Login | Users Online: 33985  
Home Print this page Email this page Small font sizeDefault font sizeIncrease font size   
Home | About us | Editorial board | Search | Ahead of print | Current Issue | Archives | Submit article | Instructions | Subscribe | Advertise | Contact us
 


 
Table of Contents
REVIEW ARTICLE
Year : 2014  |  Volume : 15  |  Issue : 3  |  Page : 74-76  

Cardioprotective effects of ghrelin in heart failure: From gut to heart


1 Department of Physiology, JNMC, Wardha, Maharashtra, India
2 The School of Health and Related Research, The University of Sheffield, United Kingdom
3 Vice Chancellor, Datta Meghe Institute of Medical Sciences, Wardha, Maharashtra, India

Date of Web Publication15-Nov-2014

Correspondence Address:
Mahalaqua Nazli Khatib
Department of Physiology, Datta Meghe Institute of Medical Sciences, Wardha, Maharashtra
India
Login to access the Email id

Source of Support: None, Conflict of Interest: None


DOI: 10.4103/1995-705X.144792

Rights and Permissions
   Abstract 

Chronic heart failure (CHF) is a major cause of morbidity and mortality. Cardioprotective effects of ghrelin, especially in its acylated form have been demonstrated in heart failure (HF) models and exploratory human clinical studies.

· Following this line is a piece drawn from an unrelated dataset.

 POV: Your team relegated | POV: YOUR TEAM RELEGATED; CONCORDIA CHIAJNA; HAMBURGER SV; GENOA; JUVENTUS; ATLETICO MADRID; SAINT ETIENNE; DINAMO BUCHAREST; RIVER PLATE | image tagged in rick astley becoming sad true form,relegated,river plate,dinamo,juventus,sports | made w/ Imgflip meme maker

Hence, it has been proposed for the treatment of HF. However, the underlying mechanism of its protective effects against HF remains unclear. Future researches are needed to evaluate the efficacy of Ghrelin as a new biomarker and prognostic tool and for exploring its therapeutic potential in patients suffering from CHF.

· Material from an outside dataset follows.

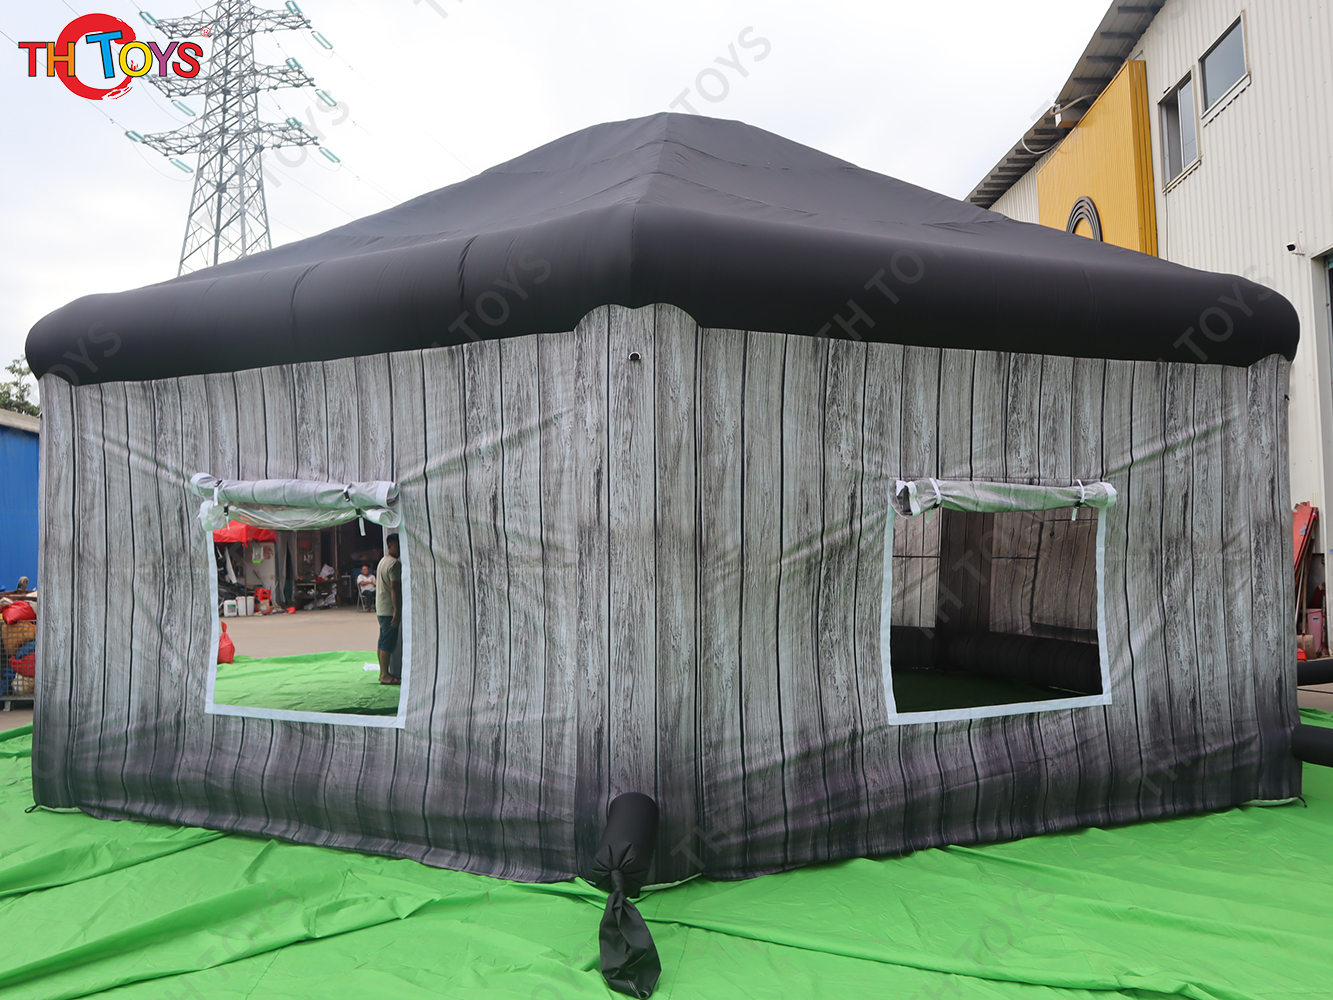 Inflatable Hut Tent Bar Pub Room Inflatable Irish Pub Lawn Tent for Party with Digital Printing

Keywords: Cardioprotective effects, ghrelin, gut


How to cite this article:
Khatib MN, Simkhada P, Gode D. Cardioprotective effects of ghrelin in heart failure: From gut to heart. Heart Views 2014;15:74-6

How to cite this URL:
Khatib MN, Simkhada P, Gode D. Cardioprotective effects of ghrelin in heart failure: From gut to heart. Heart Views [serial online] 2014 [cited 2023 Oct 3];15:74-6. Available from: https://www.heartviews.org/text.asp?2014/15/3/74/144792


   Introduction Top


Chronic heart failure (CHF) is a major cause of morbidity and mortality. Apart from the many causes of CHF, a slow reduction in the number of cardiomyocytes is one of the most important causative factors. [1] Therefore, inhibiting cardiomyocyte apoptosis may have implications for the treatment of heart failure (HF).

Ghrelin

Ghrelin, a gut-derived 28-amino acid peptide hormone was first identified in 1999 by Kojima as an endogenous ligand for the GH secretagogue receptor (GHS-R), an endogenous stimulator of GH and is now implicated in a number of physiological processes. Cardioprotective effects of ghrelin, especially in its acylated form have been demonstrated on HF models and exploratory human clinical studies. Hence, it has been proposed for the treatment of HF. However, the underlying mechanism of its protective effects against HF remains unclear.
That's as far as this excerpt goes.